Supplied data:
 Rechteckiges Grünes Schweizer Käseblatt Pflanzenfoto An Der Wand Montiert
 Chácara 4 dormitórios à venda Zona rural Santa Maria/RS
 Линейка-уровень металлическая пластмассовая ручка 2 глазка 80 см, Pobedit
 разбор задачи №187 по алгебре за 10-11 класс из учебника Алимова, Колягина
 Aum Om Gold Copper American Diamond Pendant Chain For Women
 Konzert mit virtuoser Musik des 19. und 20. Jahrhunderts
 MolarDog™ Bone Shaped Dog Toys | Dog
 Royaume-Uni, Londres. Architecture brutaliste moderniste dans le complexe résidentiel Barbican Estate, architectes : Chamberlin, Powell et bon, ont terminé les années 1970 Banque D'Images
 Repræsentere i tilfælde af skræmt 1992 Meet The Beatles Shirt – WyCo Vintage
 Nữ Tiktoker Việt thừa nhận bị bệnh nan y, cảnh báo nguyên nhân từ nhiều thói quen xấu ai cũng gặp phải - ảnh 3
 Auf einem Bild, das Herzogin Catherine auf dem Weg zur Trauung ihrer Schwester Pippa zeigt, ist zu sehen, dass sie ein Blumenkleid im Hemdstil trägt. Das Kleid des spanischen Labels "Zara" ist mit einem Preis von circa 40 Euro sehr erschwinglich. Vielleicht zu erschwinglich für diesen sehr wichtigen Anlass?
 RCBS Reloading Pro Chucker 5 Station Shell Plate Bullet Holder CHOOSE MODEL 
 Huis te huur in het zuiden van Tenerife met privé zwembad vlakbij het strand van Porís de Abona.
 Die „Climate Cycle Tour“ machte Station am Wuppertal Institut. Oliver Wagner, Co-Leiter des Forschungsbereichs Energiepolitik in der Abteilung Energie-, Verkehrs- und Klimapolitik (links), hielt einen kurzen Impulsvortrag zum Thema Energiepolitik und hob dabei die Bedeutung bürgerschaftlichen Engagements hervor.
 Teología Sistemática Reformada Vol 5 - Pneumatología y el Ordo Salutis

Exercise description: Transcribe each line of the data above, unaltered, from the one where "MolarDog™ Bone Shaped Dog Toys | Dog" appears to the one where "Royaume-Uni, Londres. Architecture" appears, inclusive of both.

Answer below:
 MolarDog™ Bone Shaped Dog Toys | Dog
 Royaume-Uni, Londres. Architecture brutaliste moderniste dans le complexe résidentiel Barbican Estate, architectes : Chamberlin, Powell et bon, ont terminé les années 1970 Banque D'Images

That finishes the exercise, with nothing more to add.